- **TASK TO COMPLETE**: Pictures in the data below are not part of the copy; transcribe everything else exactly.

- **INPUT DATA**:
=== Begin Enclosure ===

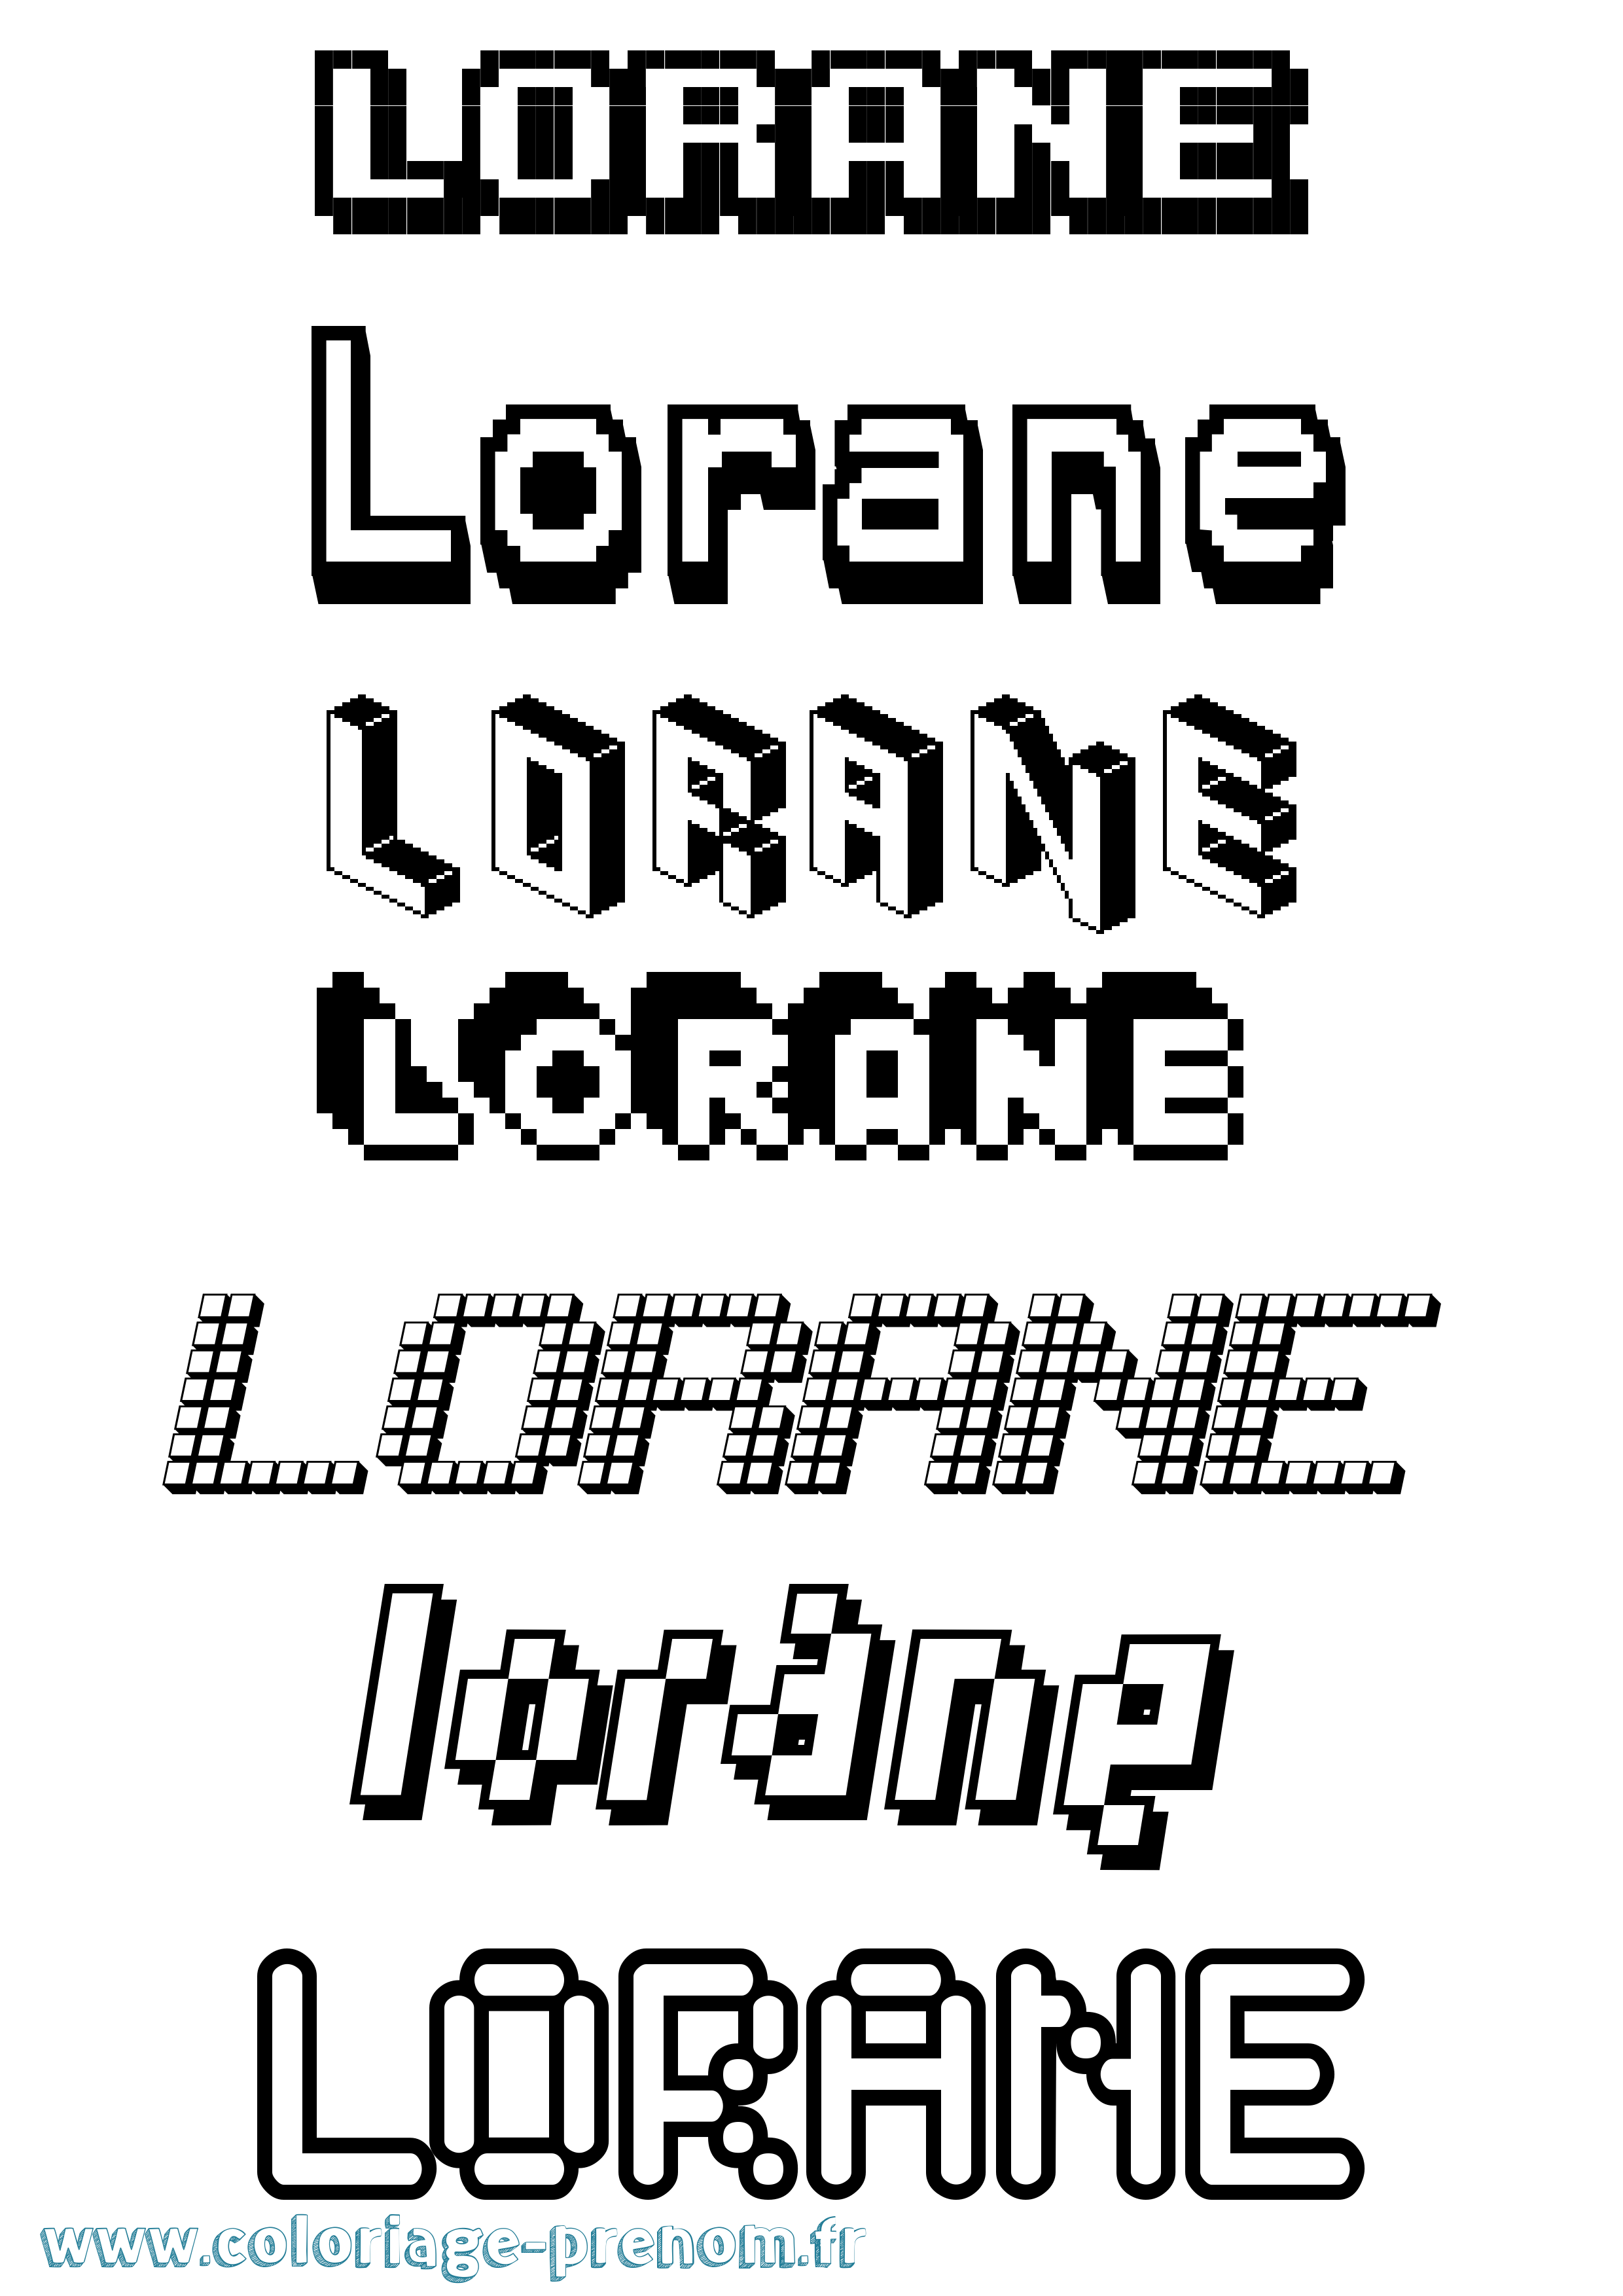 Coloriage prénom Lorane Pixel
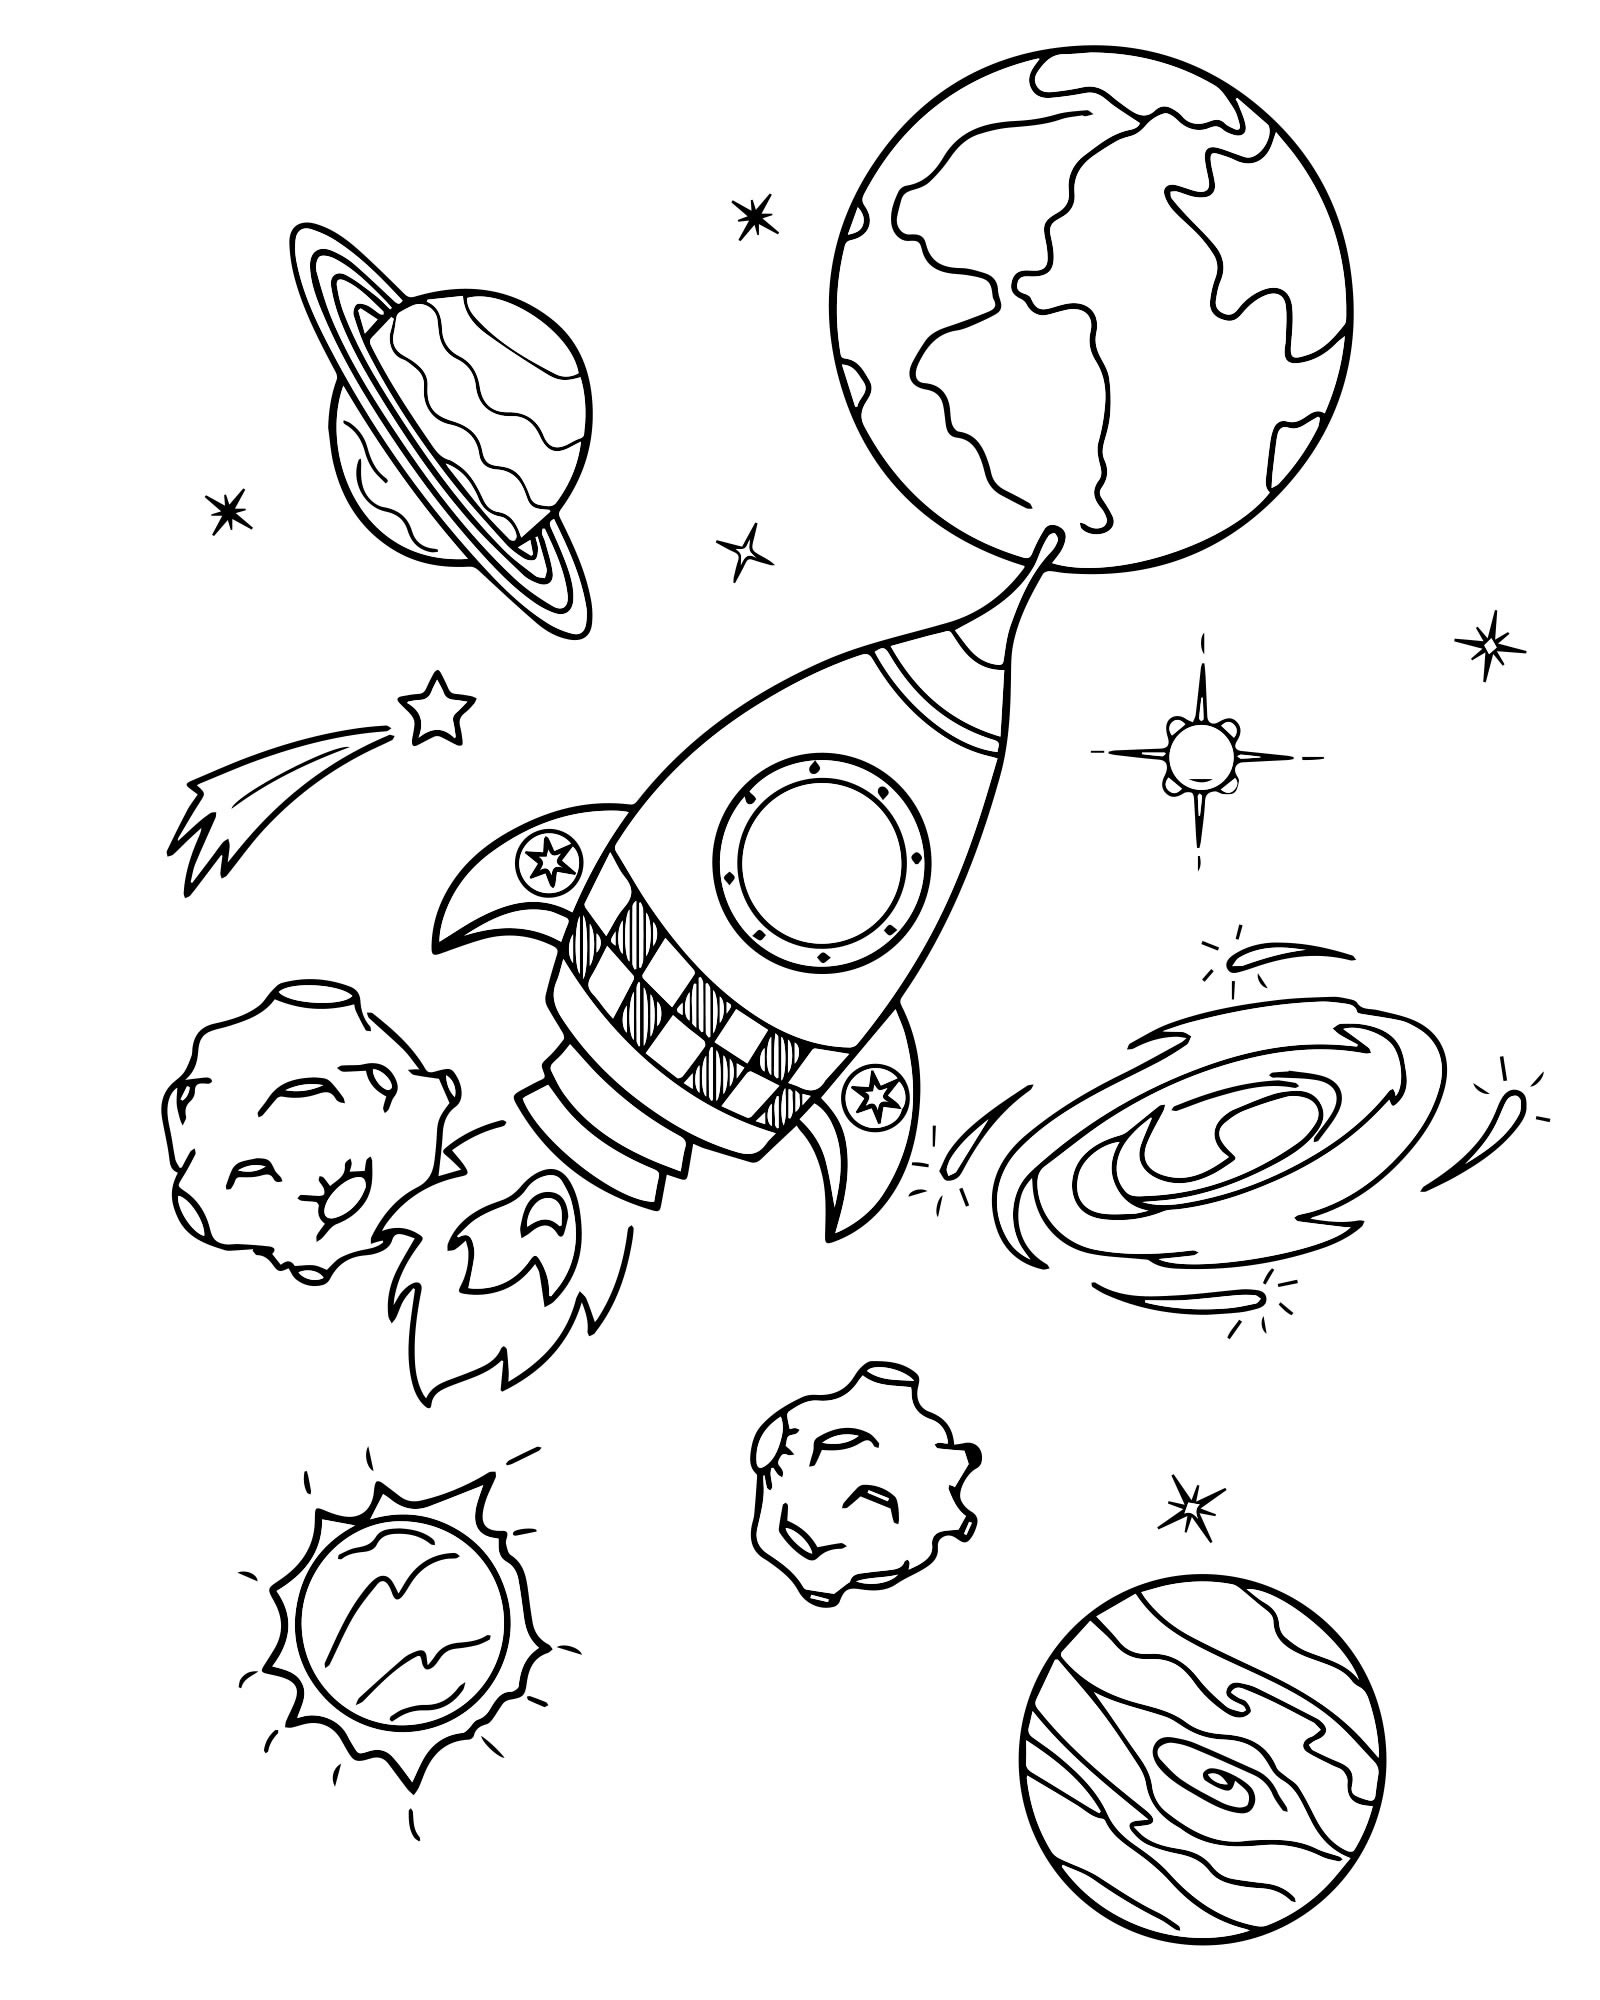 Рисунок на день космонавтики раскраска. Космос раскраска для детей. Раскраска. В космосе. Раскраска космос и планеты для детей. Раскраска для малышей. Космос.
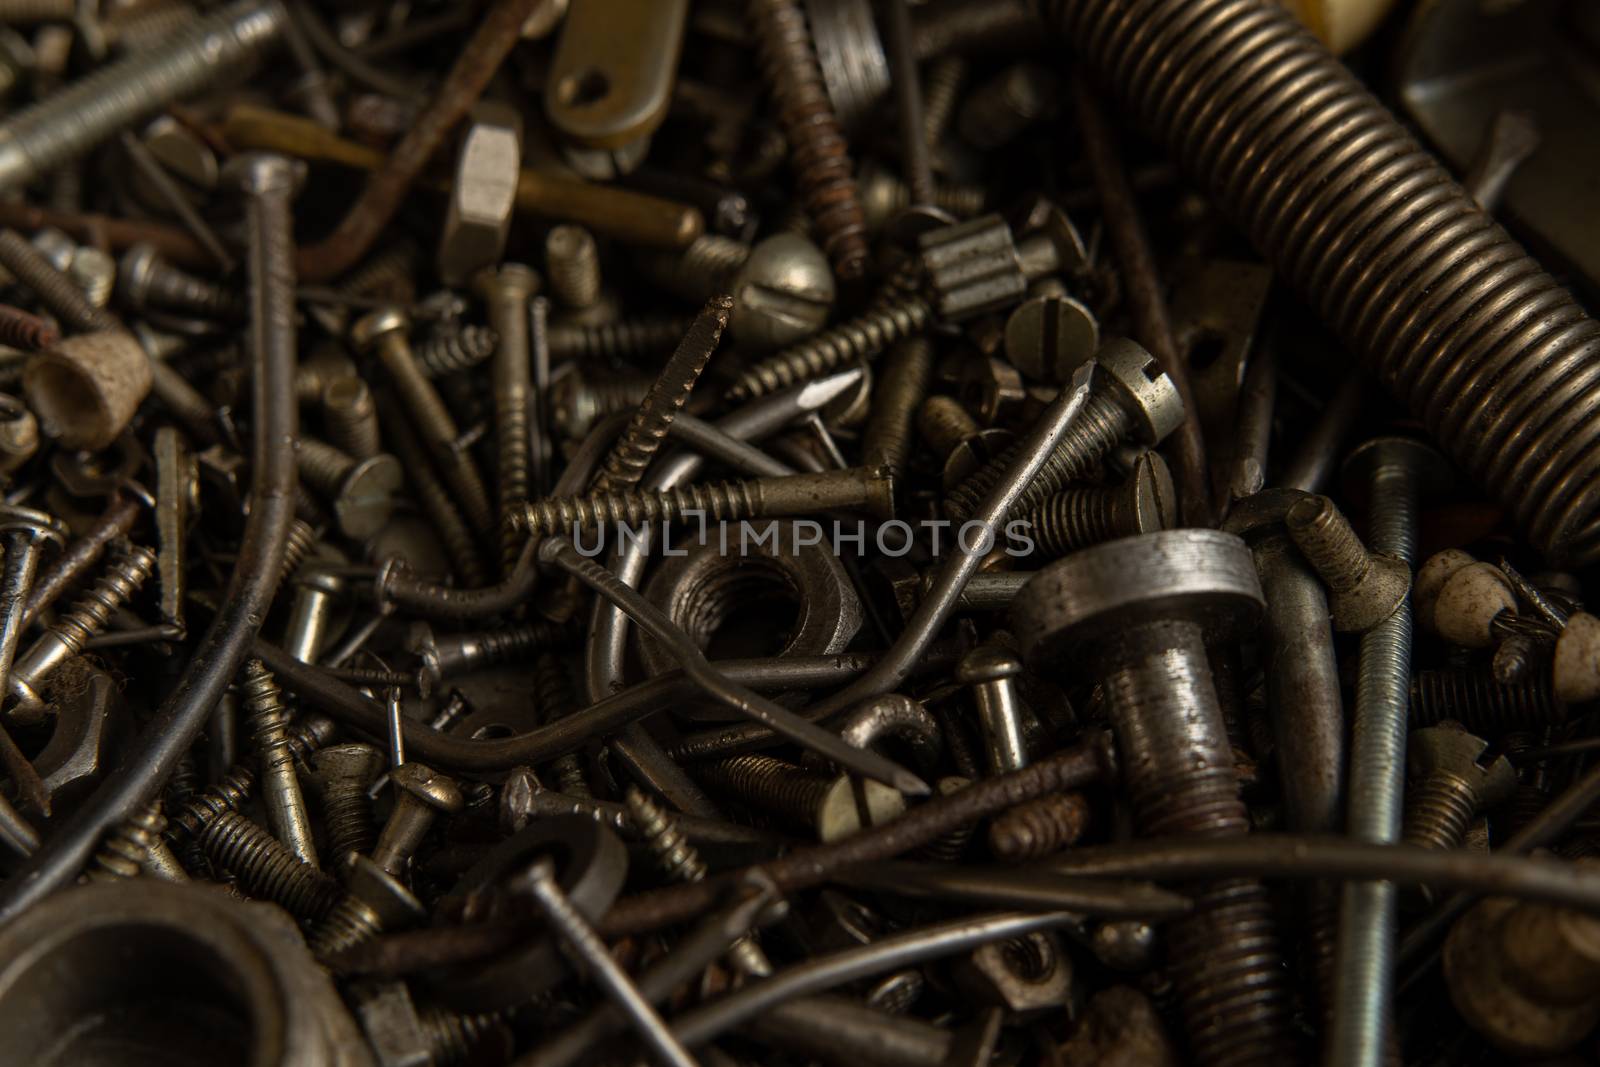 Range Rusty old screws bolts nuts. Grunge metal Hardware details dark nackground

=== End Enclosure ===

- **EXERCISE RESULT**:
 Coloriage prénom Lorane Pixel
 Рисунок на день космонавтики раскраска. Космос раскраска для детей. Раскраска. В космосе. Раскраска космос и планеты для детей. Раскраска для малышей. Космос.
 Range Rusty old screws bolts nuts. Grunge metal Hardware details dark nackground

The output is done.